Alfons Huber 11.01.2011
Nun ja; bei allem Respekt. Auch bei Ihnen steigt mit jedem Tag die Chance, daß Sie tatsächlich das Leben mit dem Tod bezahlen. Und die von Ihnen hier anscheinend verachtete Klientel ist mir persönlich 1000x lieber, als ein frustrierter und vom Leben überforderter Durschnittsbürger aus dem örtlichen Schützenverein :)
4.
Lennard Störmer 11.01.2011
Also ich persönlich bin selber Skater und tue dies mit höchster Leidenschaft und ich finde, dass sowas Deutschland auch mal ganz gut tun würde. In meiner Heimatstadt Minden gibt es einen 'Skatepark' der mittlerweile komplett fürn ... ist, da sich die Stadt nicht um diesen kümmert oder ihn in Stand hält. Wenn wir uns dann aber selbst um dieses Problem kümmern, dann wird das Obstacle (z.B. Rampe) sofort abgebaut. Mit der Begründung, dass sie nicht mehr sicher sei, weil wir Hand angelegt haben.
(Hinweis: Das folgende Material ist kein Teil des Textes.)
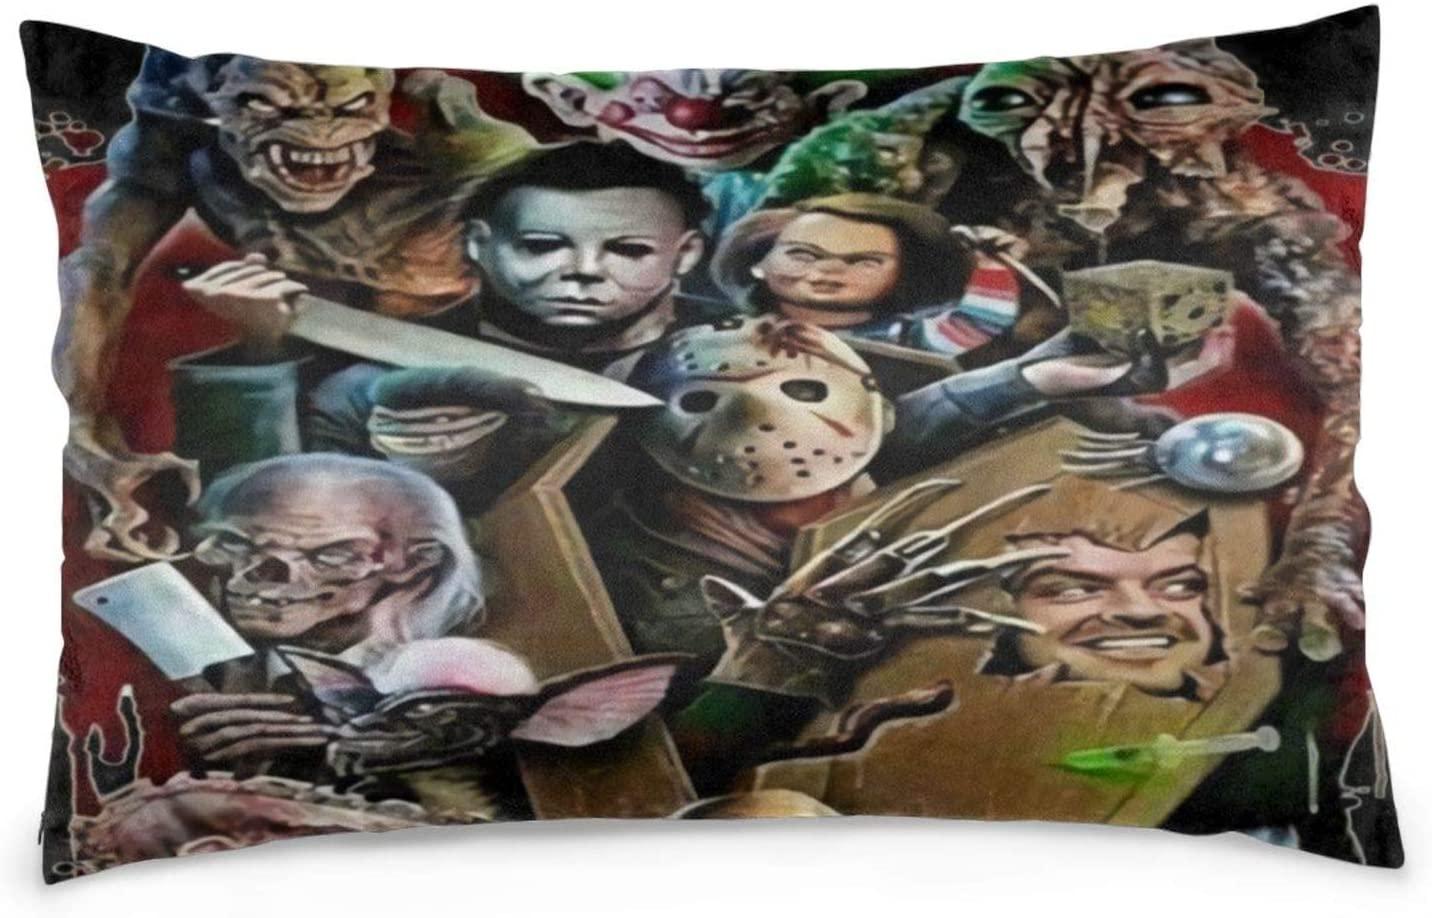 Dawiine Jason Voorhees Michael Myers Halloween Decor Pillowcases Pillow Protectors Pillow Cases Bedroom Home Car Decor

Ebenso herrscht hier so gut wie Skateverbot in der Innenstadt, was aber mittlerweile (zum Glück) ignoriert wird, da die Cops einen nicht mehr sofort anzeigen, wenn man nur mit Board unterm Arm durch die Stadt läuft, welches zwischenzeitlich der Fall war. Mittlerweile ist ein altes Kriegerdenkmal vom 1. Weltkrieg zu unserem Auflaufpunkt geworden und durch hunderte Male Skateboarding beschädigt worden. Die Einwohner hier sehen das natürlich als negativen Zug von uns, da wir ja angeblich alles kaputt machen usw. Aber da frage ich mich: Warum gibt uns die Stadt keinen vernünftigen Park, so dass wir nicht mehr an Denkmal geschützten Häusern und in Parkhäusern zwischen Autos fahren müssen? AW vom Bürgermeister: "Es gibt kein Geld." Hmm...komisch. Vor 3 Jahren wurde hier eines der modernsten Krankenhäuser Europas gebaut und in den nächsten Jahren soll ein großes Einkaufszentrum in der ganzen Innenstadt gebaut werden. Aber für nen kleinen Park fehlt das Geld??? Was ist das für eine Politik??? Meine Meinung ist also, dass das Skaten in Deutschland Ernst genommen werden sollte und die Politik auch mal auf die Wünsche von Jugendlichen hören sollte (nicht auf reiche Ladenbesitzer, die den Aufsichtsrat besetzen) und zumindest nicht immer mit Strafen auf uns zu kommen sollte.
5.
Liam Stern 08.10.2014
Unglaublich! In ihrer Stadt wird tatsächlich ein Krankenhaus anstelle eines Skateparks gebaut! Die Zeiten werden immer schlechter. :) nicht böse gemeint, aber das ist wirklich nicht vergleichbar.